Pascal master enters, will pascal enter

The scale of this data is very small, and the simulation is enough, and it can be bubbling if it is sorted.

var n:integer; m,ans:real;

a:array[1..100]of integer;

procedure swap(x,y:integer);

var k;

begink:=x;

x:=y;y:=k;

end;begin

read(n);

for i:=1 to n do read(a[i]);

for i:=1 to n-1 do

for j:=i to n-1 do

if a[j]m:=0;for i:=2 to n-1 do inc(m,a[i]);

ans:=m/(n-2);

write(ans);

end.I can't remember the operation function of the specific shaping transfer, you can search it on the Internet, and you can use snapshots or stacking to improve efficiency.

Of course there is: word dword qword

Respectively, the leakage is an unsigned integer longint int64

The range is less than twice the front of the signed variable, and the silver search is 0 65535 for word for example

Problem analysis: Know the range of stamps per letter (<=3), there are four types of stamps, and program to find the stamps that can make the largest face value.
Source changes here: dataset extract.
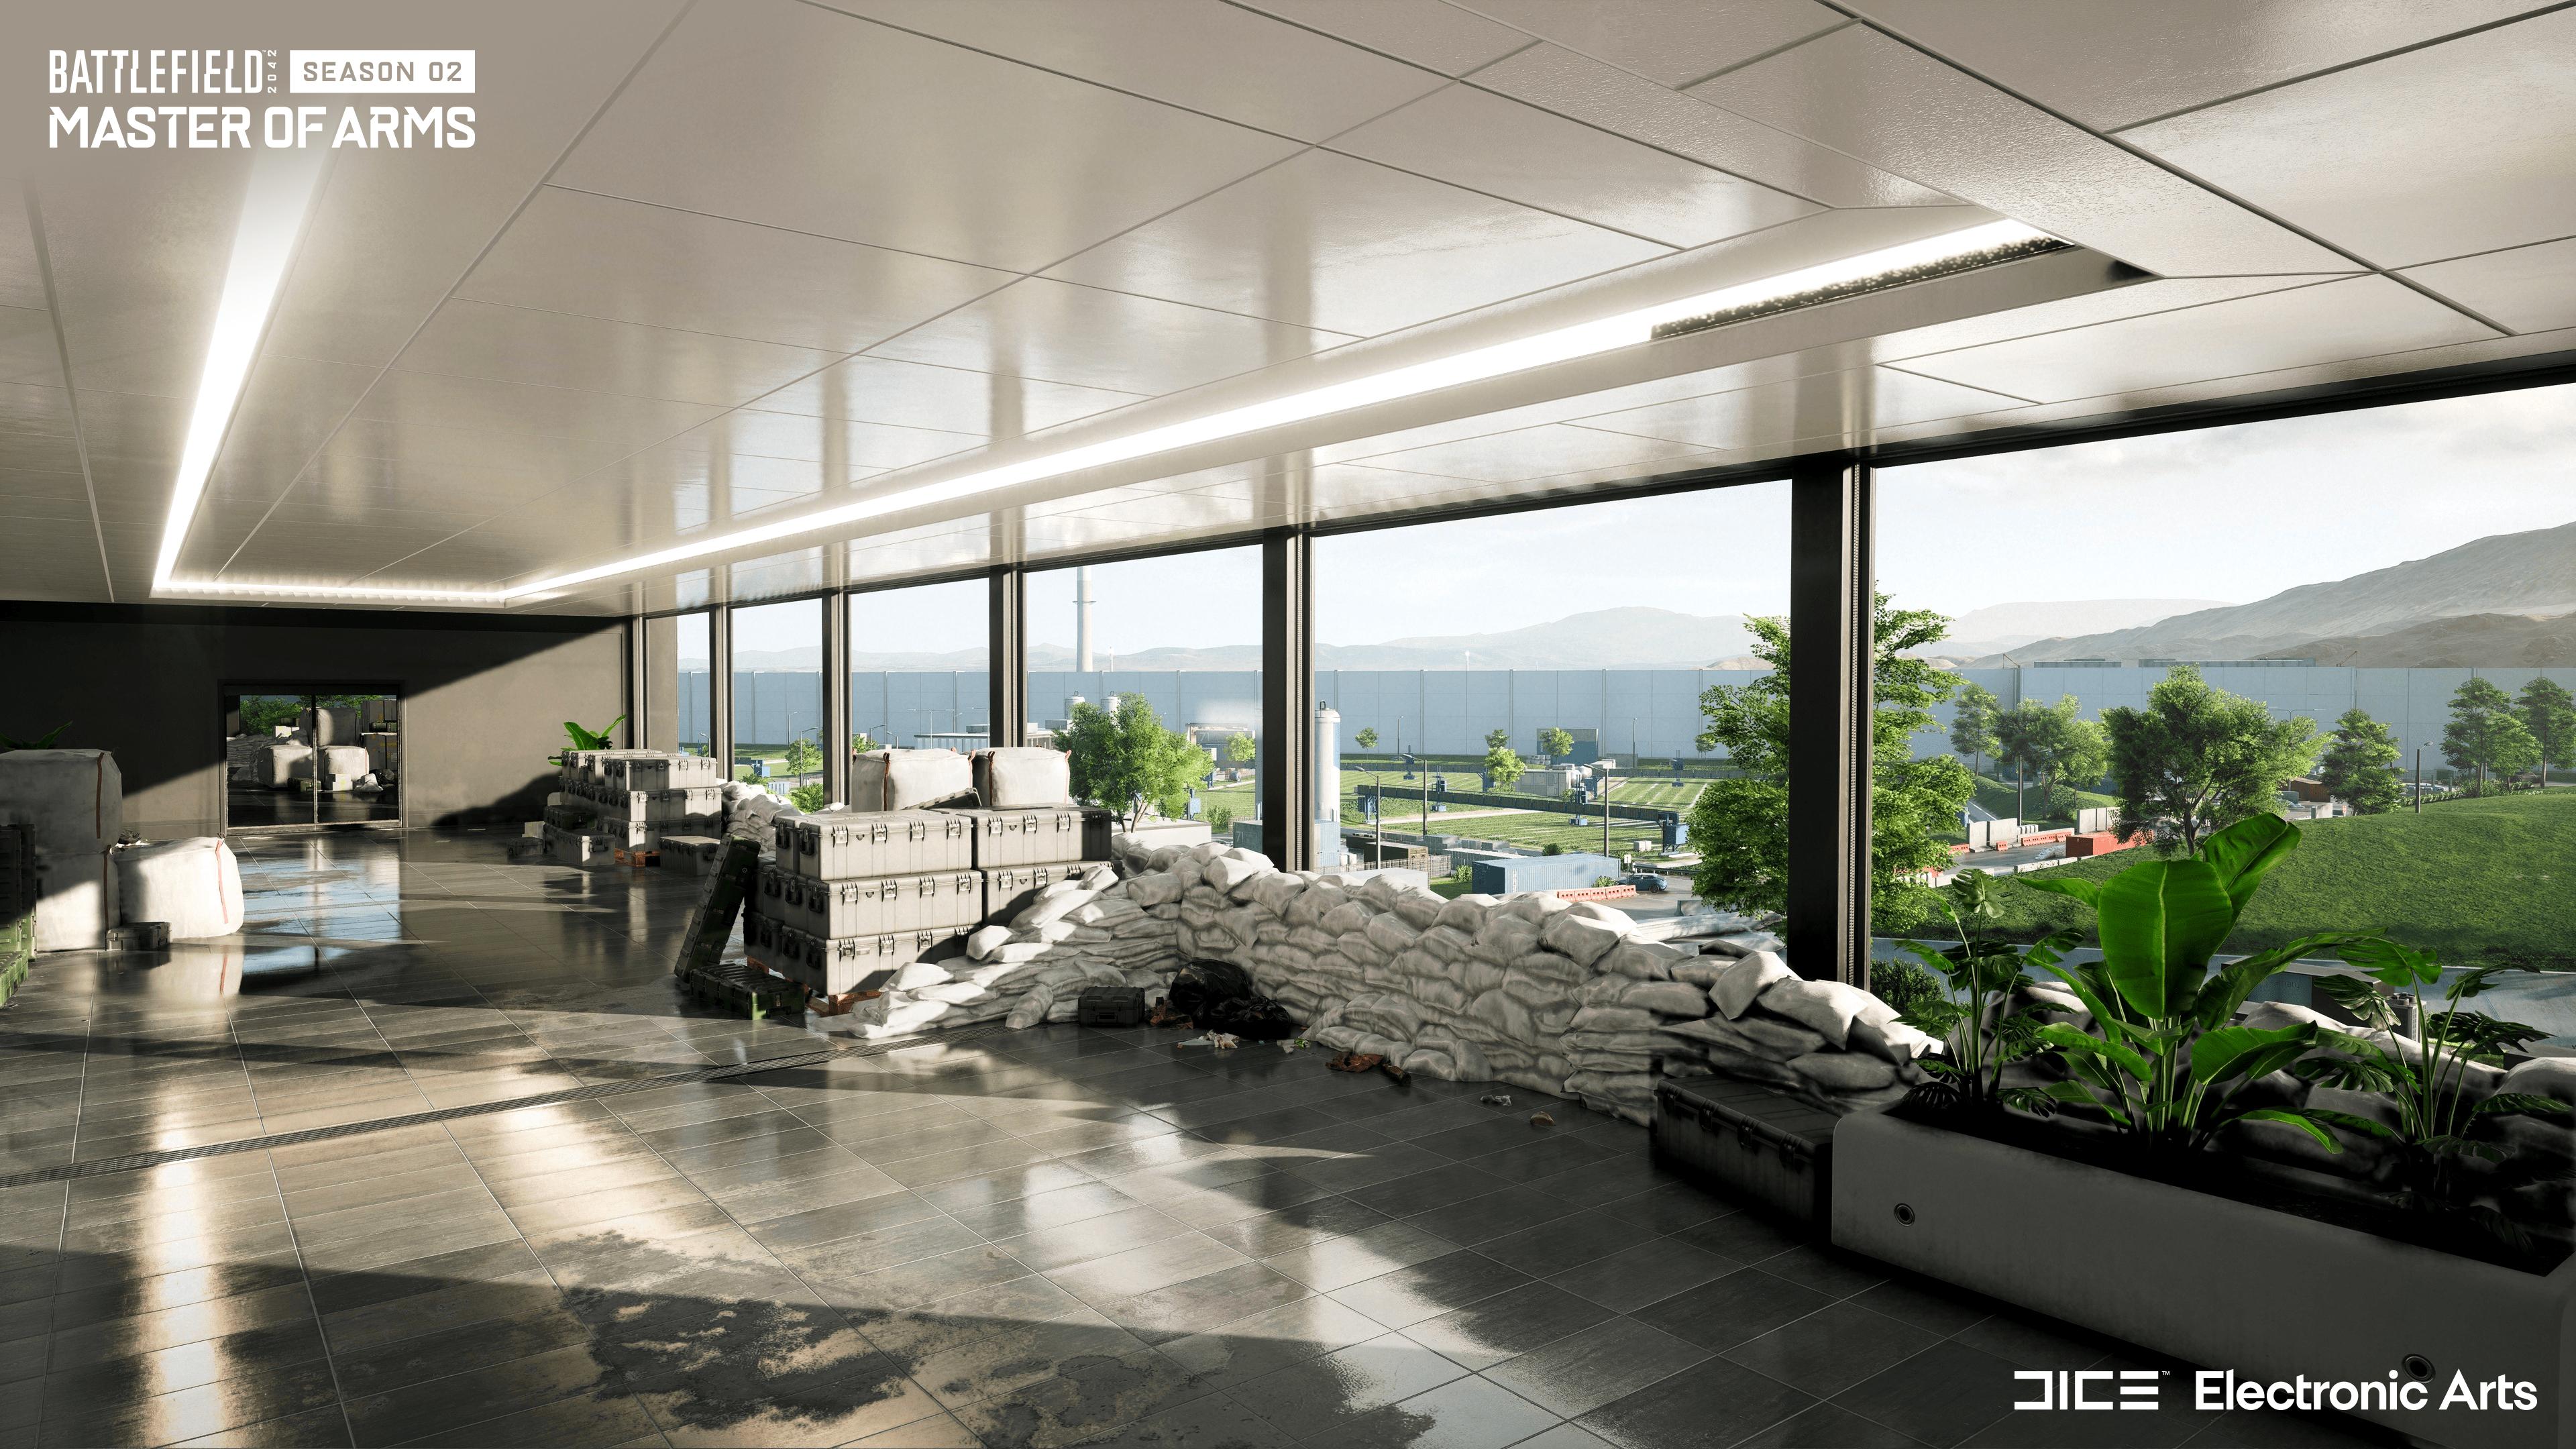 bf-2042-full-res-map-vista-renewal.jpg

The algorithm is:

1) For four stamps of different denominations, no more than 3 stamps shall be affixed to each letter;

2) Use these four stamps to affix consecutive integers and maximize the r value;

3) Use exhaustive methods to find all eligible solutions;

4) This question uses the method of collection to count the face value of stamps to improve the speed of weighting.

The face values of the four stamps are: A, B, C, D, according to the title

ax0 then

beginx0:=x;x1:=a;x2:=b;x3:=c;x4:=d;

write(x1:5,x2:5,x3:5,x4:5);

writeln(‘’10,’x0=’,x0);

end;end;

end.

Do your own online search for information about BFS.

It's a very simple question, why are you taking it out?

Any questions?

In the future, if there is any problem with the program, come to me.

You can right-click and select Send desktop shortcut.

Then copy the shortcut to the desktop, click Start, All Programs, Launch, and then copy the shortcut into it.

This question is actually a slight variation of the Joseph problem, program ysf;

typearr1=record

next:integer;

data:boolean;

name:string;

end;var

a:array[1..64] of arr1;

n,m,i,j,k,p,w:integer;

temp:string;

beginreadln(n);

for i:=1 to n-1 do

with a[i] do

begin next:=i+1;data:=true;readln(name);end;

with a[n] do

begin next:=1;data:=true;readln(name);end;

readln(temp);

val(copy(temp,1,pos(',temp)-1),w,p);

val(copy(temp,pos(',temp)+1,length(temp)-pos(',temp)),m,p);

i:=w;k:=1;p:=n;

repeat

repeat

i:=a[i].next;

until a[i].data;

inc(k);

if k=m then

begin a[i].data:=false;dec(p);writeln(a[i].name,' k:=0;end;

until p=0;

end.

Posterior traversal: left, right, center.

ch stores the number of each read, a[i] is the i power of 2 (a[n] is the total length of the chain of seepage), t represents the character length of the current tree, how many factors 2 contains in i represents the current node is the penultimate layer (each layer node is the t number from i-t+1 i, the current number is the rightmost node of this layer), s iterates each number in the current node, if the sum is t, then it proves that all are 1, so it is i tree; If it's 0, it's a b number, otherwise it's an f-tree.

If the human brain simulates it, you can find that this algorithm is completely in the order of left, right, and middle, so the traversal is followed by the post-order traversal.

Do you know how to operate the tree?

Flowers that don't recursively use a [0..10,1..2] can also be used for array simulation.